Io vi mando un presente, il quale se non corrisponde agli obblighi che io ho con voi, è tale senza dubbio, quale ha potuto Niccolò Machiavelli mandarvi maggiore. Perchè in quello io ho espresso quanto io so, e quanto io ho imparato per una lunga pratica e continua lezione delle cose del mondo. E non potendo nè voi nè altri desiderare da me più, non vi potete dolere se io non vi ho donato più. Bene vi può increscere della povertà dello ingegno mio, quando siano queste mie narrazioni povere ; e della fallacia del giudizio, quando io in molte parti discorrendo m'inganni. Il che essendo, non so quale di noi si abbia ad esser meno obbligato all'altro, o io a voi che mi avete forzato a scrivere quello ch'io mai per me medesimo non arei scritto, o voi a me, quando scrivendo non v'abbia soddisfatto. Pigliate adunque questo in quel modo che si pigliano tutte le cose degli amici, dove si considera più sempre l'intenzione di chi manda, che la qualità della cosa che è mandata.
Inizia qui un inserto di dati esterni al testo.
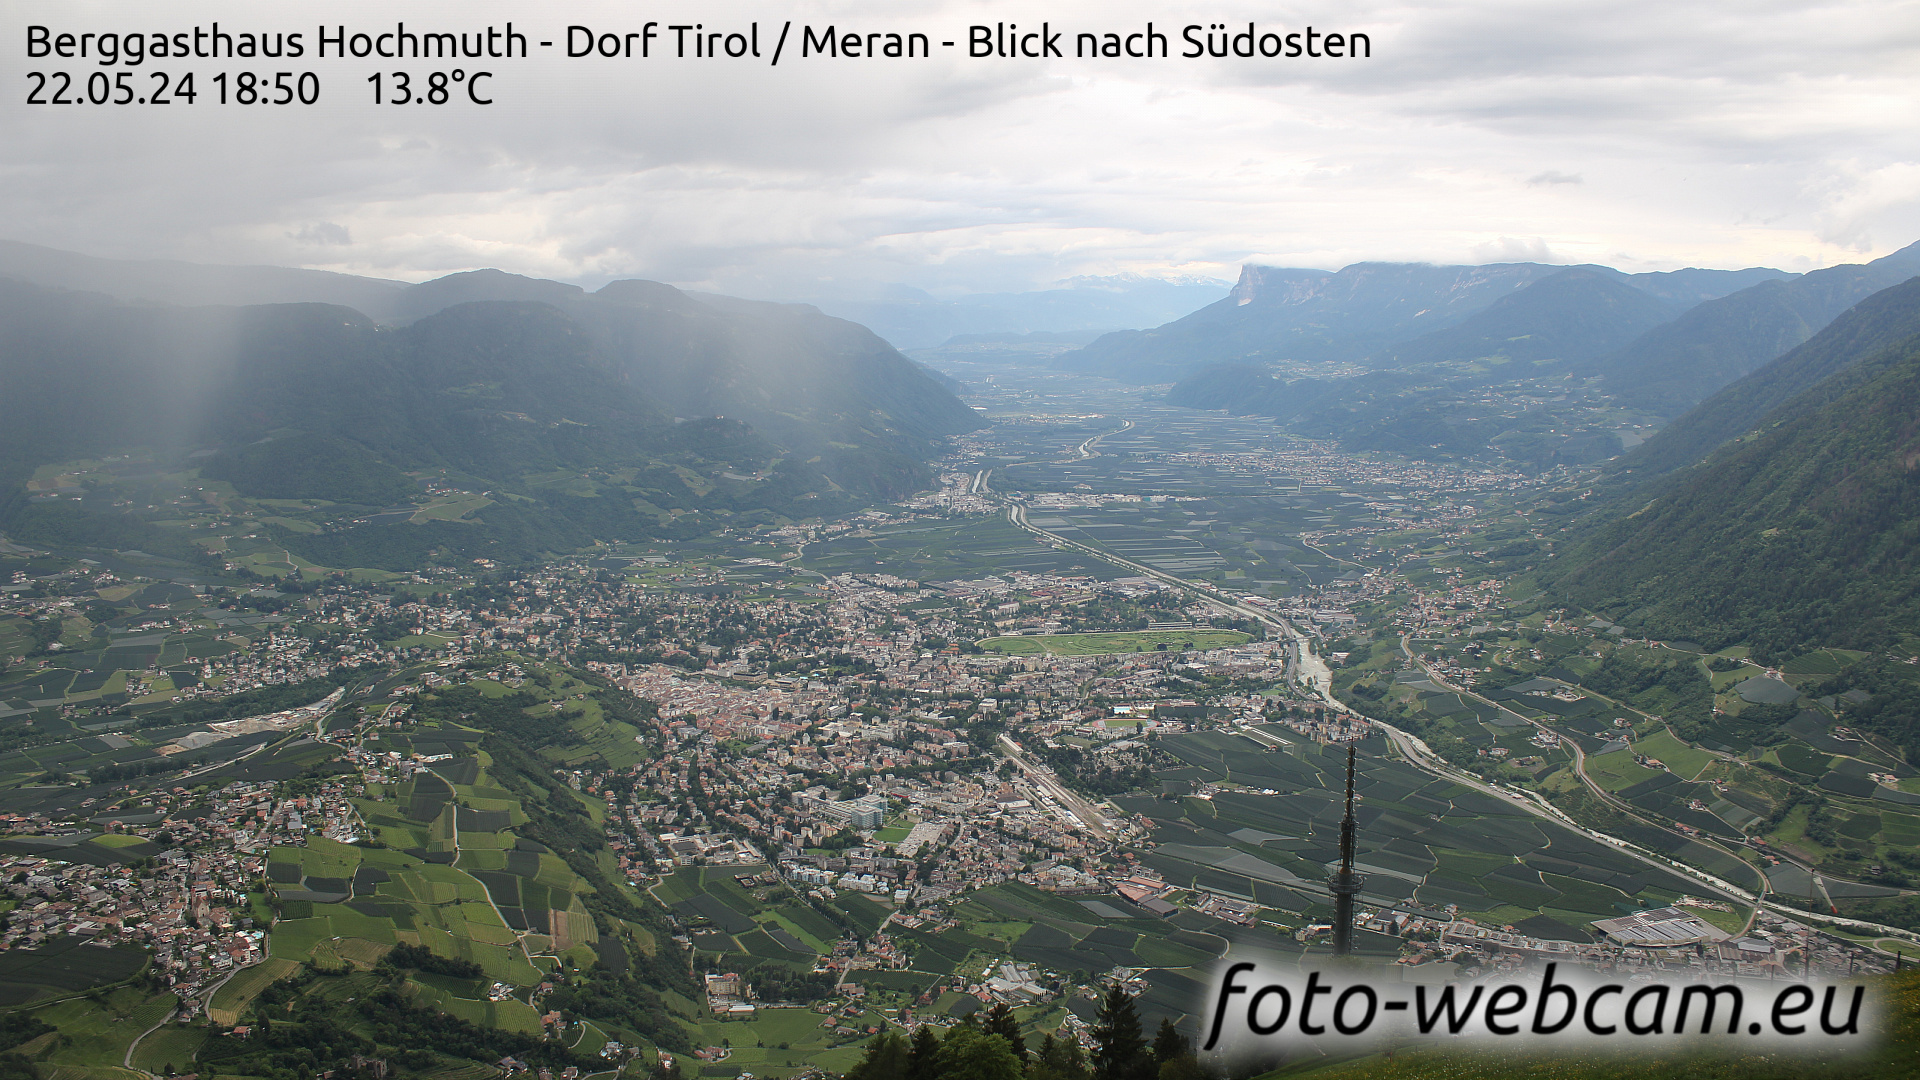 Dorf Tirol Ma. 18:56
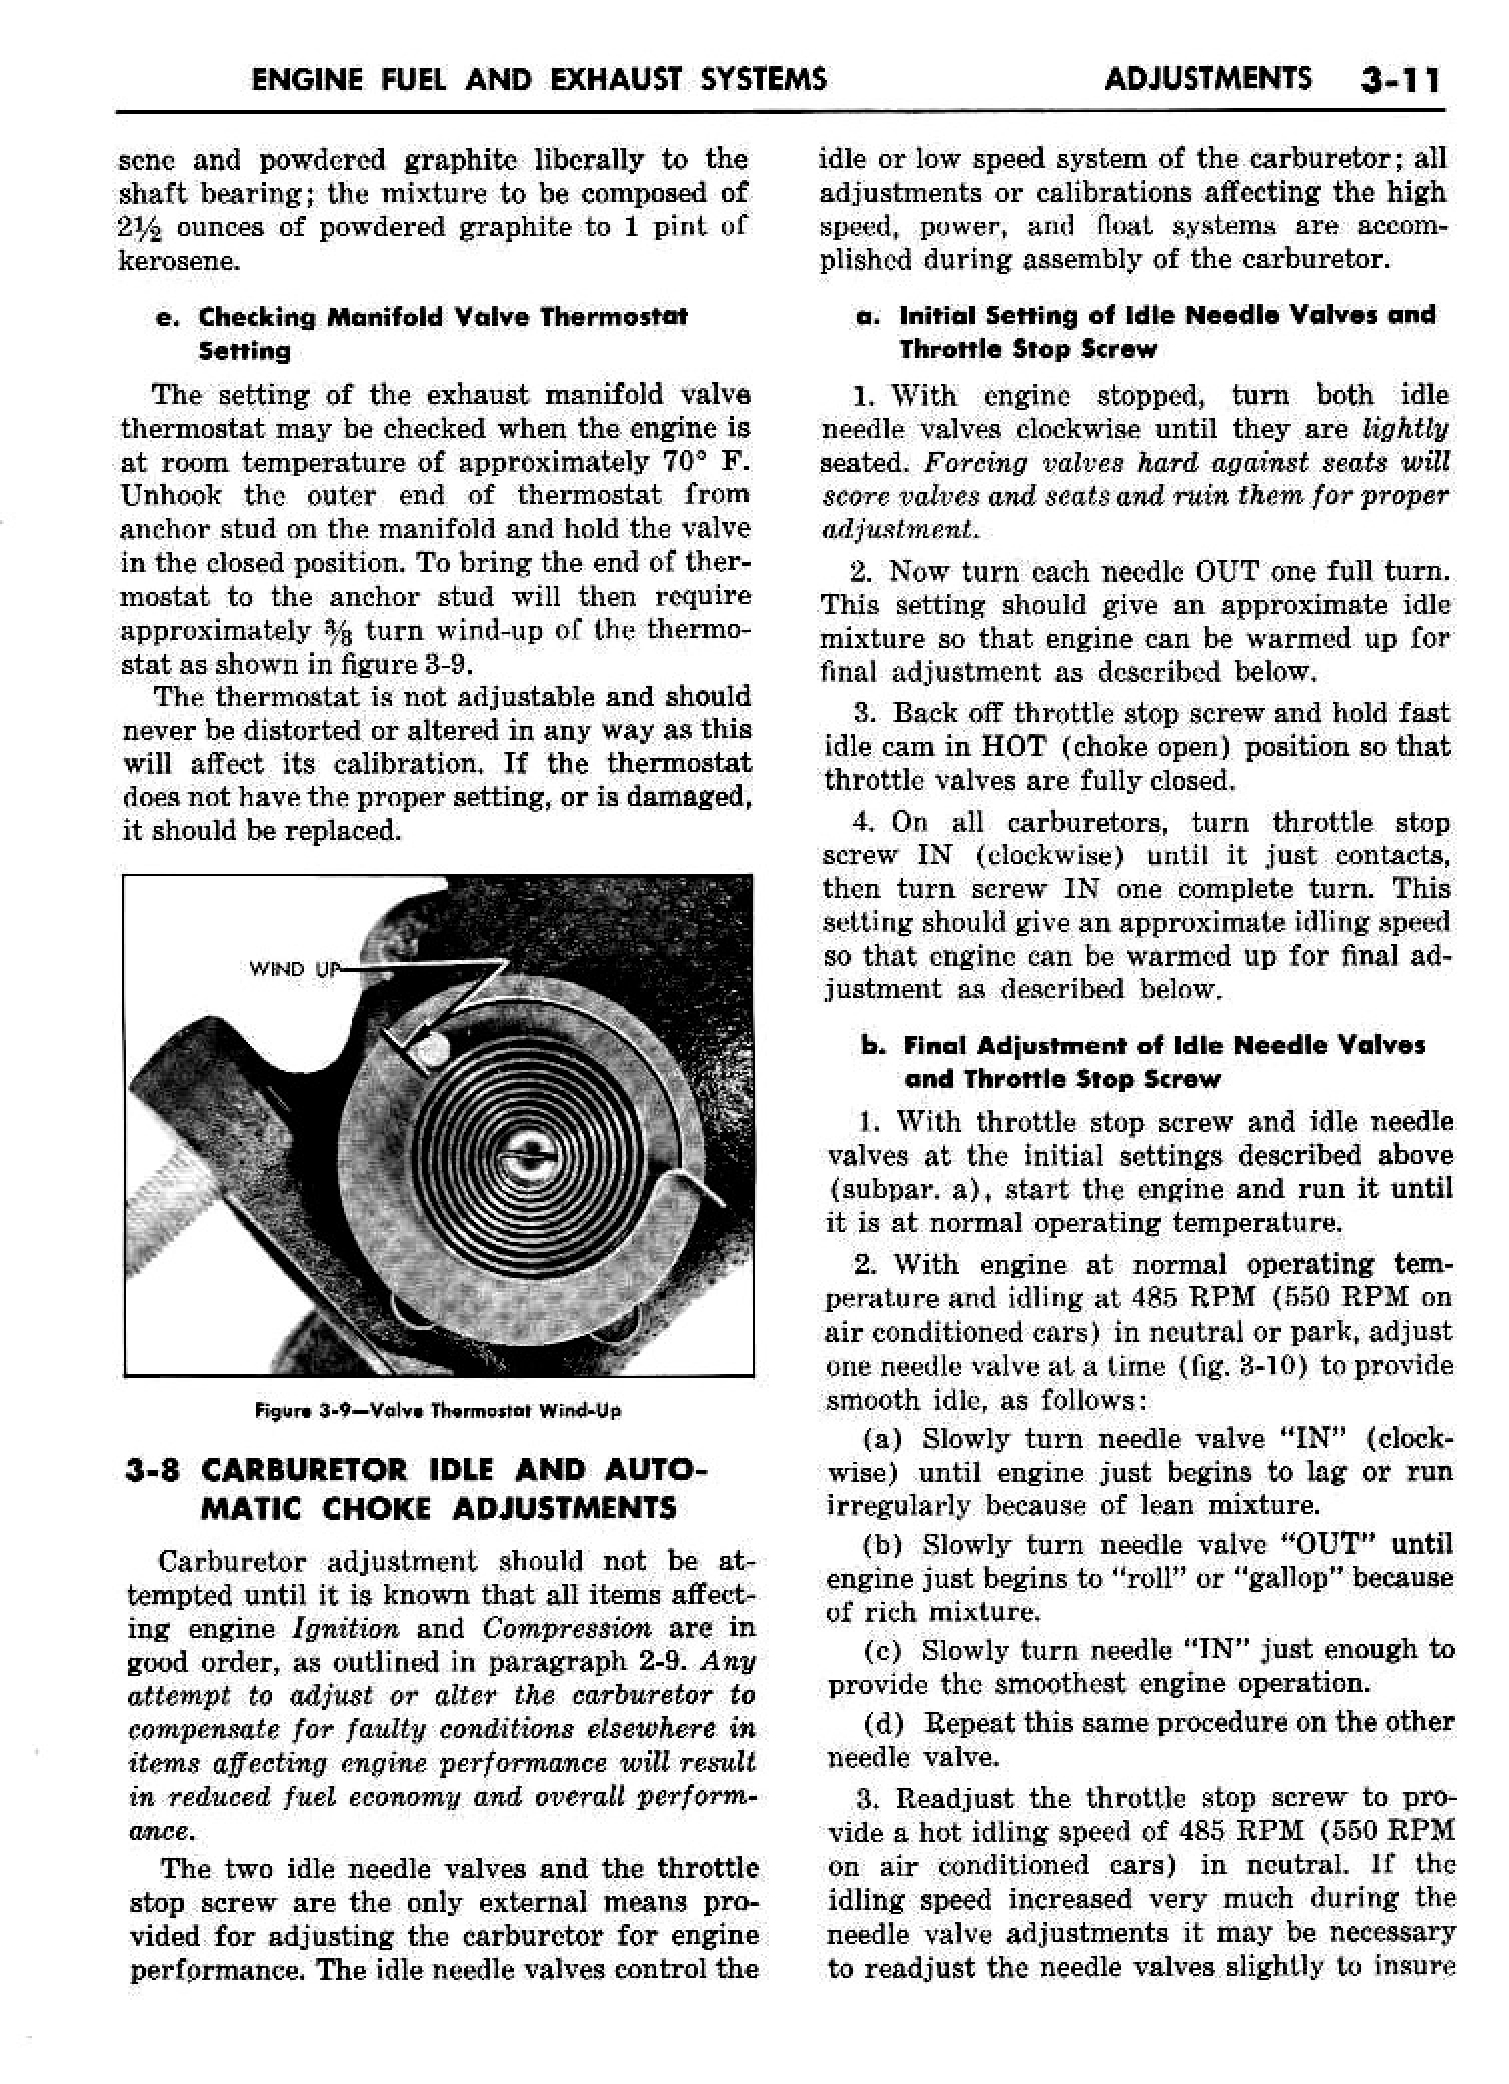 n_04 1958 Buick Shop Manual - Engine Fuel & Exhaust_11.jpg

E crediate che in questo io ho una satisfazione, quando io penso che sebbene io mi fussi ingannato in molte sue circostanze, in questa sola so ch'io non ho preso errore, d'avere eletto voi, ai quali sopra tutti gli altri questi miei Discorsi indirizzi; sì perchè facendo questo, mi pare aver mostro qualche gratitudine de' beneficj ricevuti, sì perchè e' mi pare esser uscito fuora dell'uso comune di coloro che scrivono, i quali sogliono sempre le loro opere a qualche principe indirizzare, e accecati dall'ambizione e dall'avarizia laudano quello di tutte le virtuose qualitadi, quando di ogni vituperevole parte dovrebbono biasimarlo. Onde io per non incorrere in questo errore ho eletti, non quelli che sono principi, ma quelli che per le infinite buone parti loro meriterebbono d'essere; nè quelli che potrebbono di gradi, di onori e di ricchezze riempiermi, ma quelli che non potendo vorrebbero farlo. Perchè gli uomini, volendo giudicare dirittamente, hanno a stimare quelli che sono, non quelli che possono essere liberali; e così quelli che sanno, non quelli che senza sapere possono governare un regno. E gli scrittori laudano più Ierone Siracusano quando egli era privato, che Perse Ma

cedone quando egli era re; perchè a Ierone a esser principe non mancava altro che il principato, quell' altro non aveva parte alcuna di re altro che il regno. Godetevi pertanto quel bene o quel male che voi medesimi avete voluto; e se voi starete in quest' errore, che queste mie opinioni vi siano grate, non mancherò di seguire il resto della istoria, secondo che nel principio vi promisi. Valete.

PROEMIO.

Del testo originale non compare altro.